Estradiol side effects occur in ten in one hundred treated patients headaches, depression, abdominal pain, nausea, leg cramps, weight gain, sensitive breasts or breast pain. In the latter case, you should inform your doctor and possibly choose a lower dose.
What are the special instructions for taking estradiol?
The combined use of substances, which in the body through the same enzymes (cytochrome P450 in the liver) are degraded as Estradiol, can accelerate its degradation and thus weaken its action. These include, for example, seizure and epilepsy medications (phenobarbital, phenytoin, carbamazepine), the anti-tuberculosis drug rifampicin, some HIV medications (nevirapine, efavirenz) and the herbal antidepressant St. John’s wort. Prolonged therapy or a high dose of estradiol may increase the risk of breast and uterine cancer in certain circumstances. By using a very low dosage and possibly by adding progestagens, this risk can be minimized. Also, estradiol use may increase the risk of blood clots, which can then clog a vessel (as in the case of a pulmonary embolism). This is especially true if the woman smokes or has other risk factors (high cholesterol, obesity, etc.д.).). The active ingredient estradiol should only be used for girls and women from the beginning of menstruation, but not for pregnant or lactating women. If pregnancy occurs during treatment, it is necessary to stop treatment immediately and consult a doctor.
How to get estradiol?
The active ingredient estradiol is prescribed in each dose and can only be purchased with a prescription from a pharmacy. But you can buy Estradiol online in the UK without a prescription.

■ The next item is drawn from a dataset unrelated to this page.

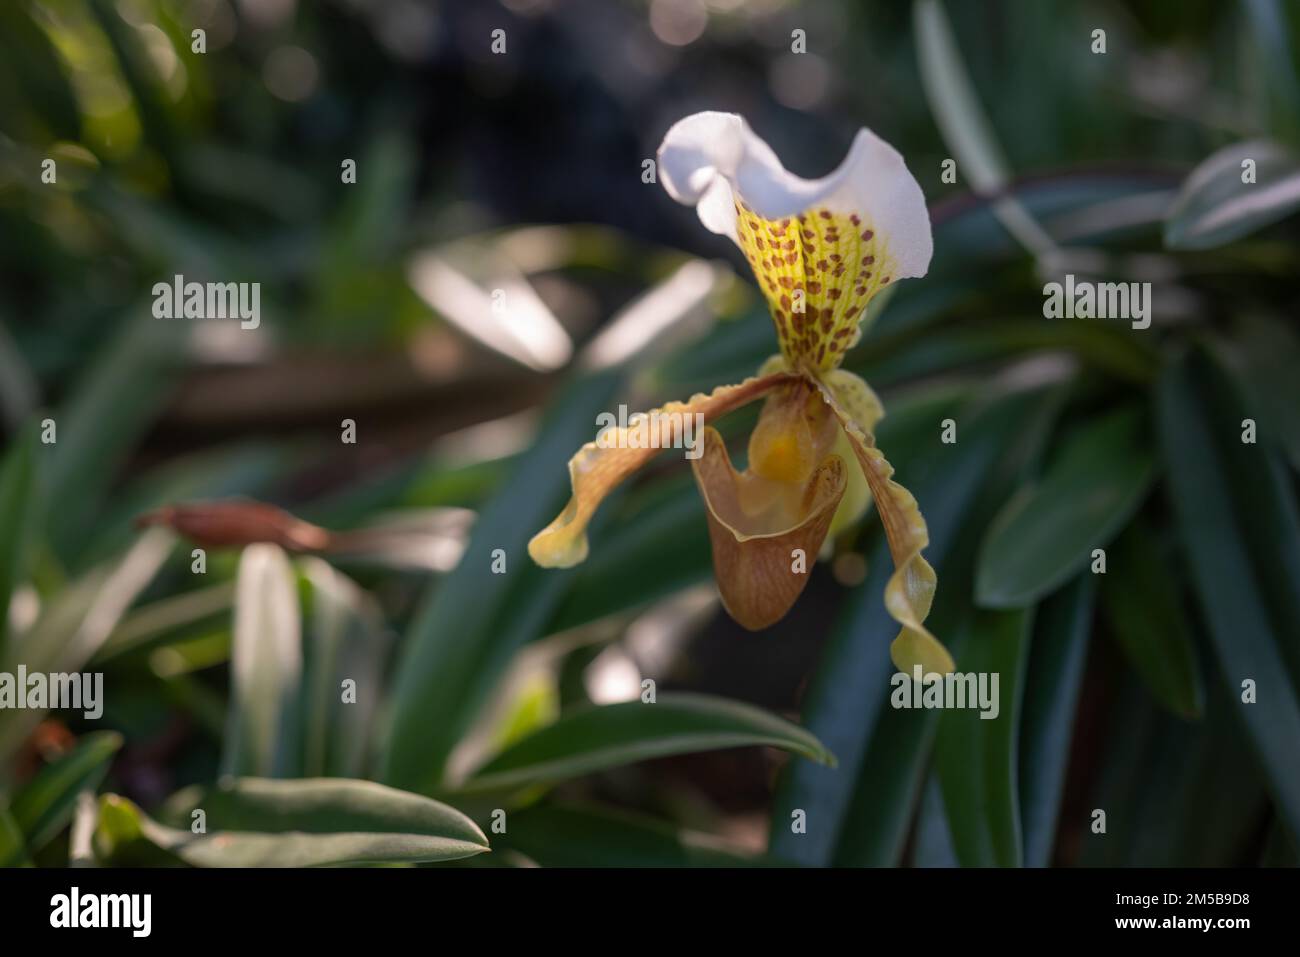 Weiße und gelbe Blüten von prächtigem Paphiopedilum oder Pantoffelorchidee auf grünem Bokeh-Hintergrund. Paphiopedilum Leeanum gepunktete Blütenblätter. Winterorc Stockfoto

Since when is estradiol known??
Steroid hormones, including estrogens such as estradiol, testosterone and cortisone, but also including, were recognized very early on as an important supporting function in the body. As early as 1929, the first estrogens were isolated by chemist Adolf Butenandt and its structure was figured out. For this he received the Nobel Prize in Chemistry in 1939 along with the steroid researcher Leopold Ruzicka. In 1930, oral estrogen was first introduced into therapy. At that time it was still being extracted from the urine of pregnant women. A decent chemical process for producing the active ingredient Estradiol were not developed until the second half of the 20th century.